Au siècle dernier, remporter le tournoi de Wimbledon du fond du court était tout simplement impossible, ou presque. Il n’y a qu’à voir la liste des vainqueurs dans les années 80 et 90 : McEnroe, Navratilova, Ivanisevic, Navratilova, Stich, Navratilova, Becker, Navratilova, Edberg, Navratilova, Cash. Vous l’aurez compris, Martina, la Tchèque ensuite naturalisée Américaine, avec ses neuf victoires, a « légèrement » dominé le tournoi. Cette joueuse et ces joueurs ont tous en commun d’avoir été de redoutables serveurs et volleyeurs. Wimbledon se gagnait au filet et non pas de la ligne de fond de court. Mais ça, c’était avant.

Agassi se souvient : « Le match contre McEnroe a été le plus propre que j'ai joué.

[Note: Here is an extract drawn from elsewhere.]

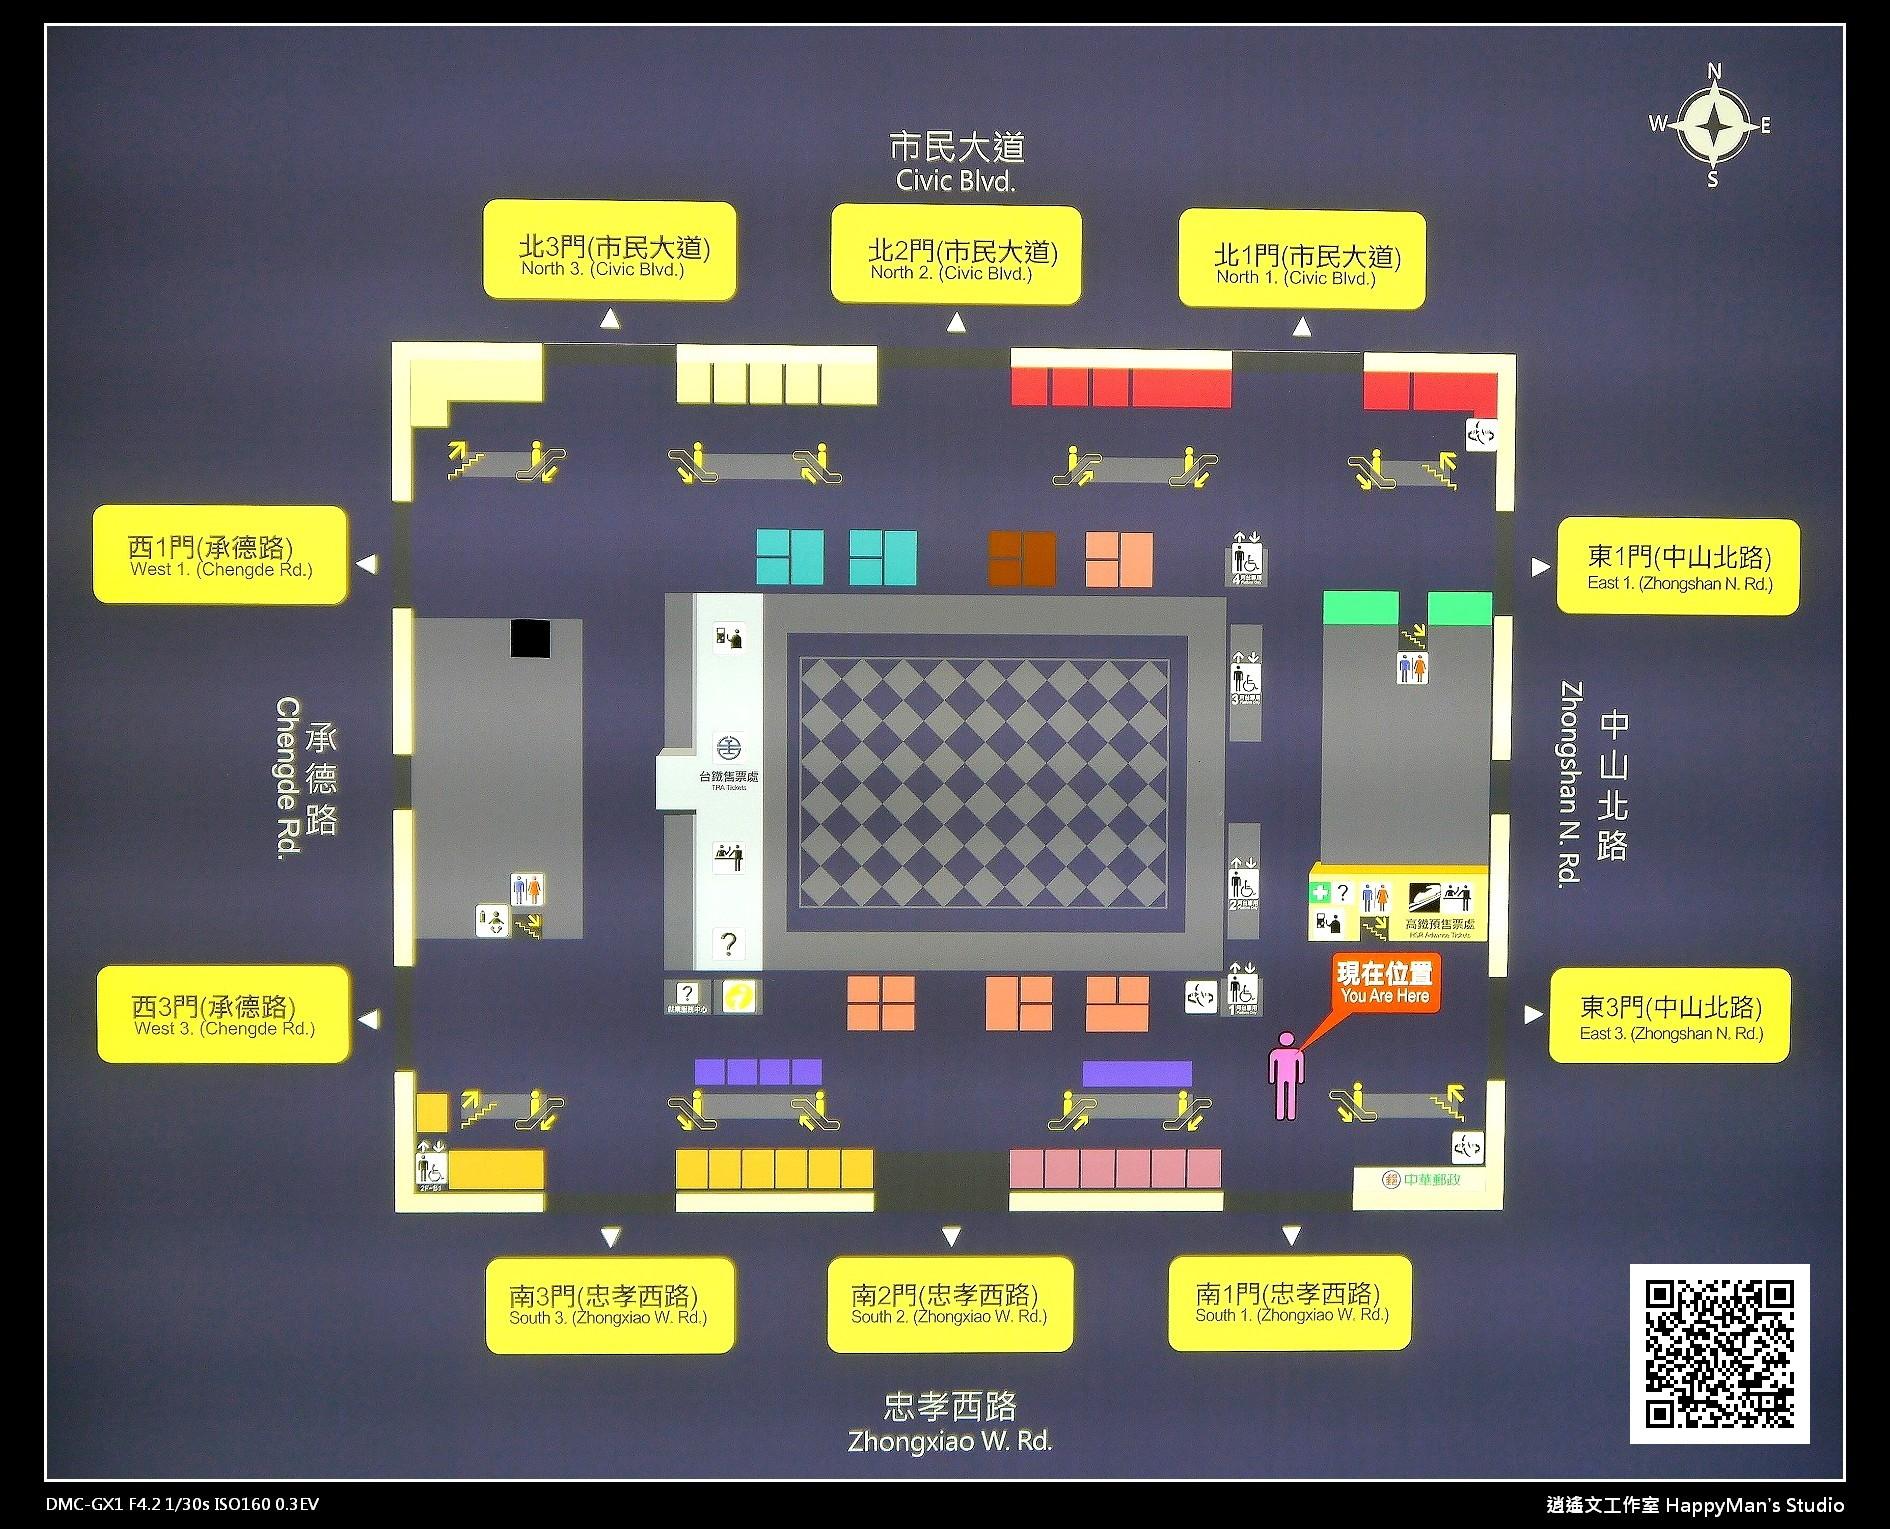 臺北車站平面圖 (Taipei Main Station Plan) | 逍遙文工作室

Alors comment est-on passé de noms tels que Michael Stich, Martina Navratilova ou Pat Cash sur le palmarès de Wimbledon, à Rafael Nadal, Lleyton Hewitt, Conchita Martinez ou encore Marion Bartoli ? La réponse est simple : le gazon n’est plus le même. Le changement s’est fait en 2001. Jusque-là, le gazon sacré était à 70% de l’Ivraie vivace (Ryegrass) et 30% de la Fétuque Rouge Traçante (Creeping Red Fescue). Depuis, Wimbledon est passé au 100% Ivraie. Comme l'a déclaré Eddie Seaward, ancien jardinier en chef de Wimbledon, dans un article du New York Times de 2010 : « La différence de temps de réaction entre l'ancien et le nouveau gazon est d'un dixième de seconde. Les rebonds sont également légèrement plus élevés et, ce qui est particulièrement remarquable pour les joueurs et les spectateurs, plus réguliers. » L’effet est immédiat. Il suffit de comparer l’affiche de la finale 2001 du simple messieurs et celle de 2002. La première a vu Goran Ivanisevic battre Patrick Rafter, alors qu’à peine 365 jours plus tard, c’est Lleyton Hewitt qui dominait David Nalbandian. Pour les plus jeunes d’entre vous qui connaîtriez mal les anciens du tennis, si je devais faire une comparaison, c’est comme si l’on passait d’une finale entre Giovanni Mpetshi Perricard et Reilly Opelka, à une finale entre Gilles Simon et Casper Ruud. Du coq à l’âne.

La métamorphose du gazon a donc changé à tout jamais le destin du tournoi. Désormais, le titre est devenu accessible à tous durant l’été londonien et non plus seulement aux « gros » serveurs et serveuses. Bien sûr, il y avait déjà eu des exceptions avant même que le changement de gazon n’ait lieu. Prenez par exemple la victoire d’Andre Agassi en 1992. On se souvient tous du style de jeu de l’Américain. C’était un attaquant, certes, mais du fond du court. Le Kid de Las Vegas se souvient : « Deux de mes trois premiers adversaires étaient des joueurs de fond de court [à l'exception de Derrick Rostagno], qui étaient toujours difficiles à affronter sur gazon. Chesnokov m'a fait frapper beaucoup de balles, mais j'ai commencé à peaufiner mon jeu face à [Christian] Saceanu (qualifié), au quatrième tour, où j'ai frappé une balle propre. J'ai laissé mes coups filer. »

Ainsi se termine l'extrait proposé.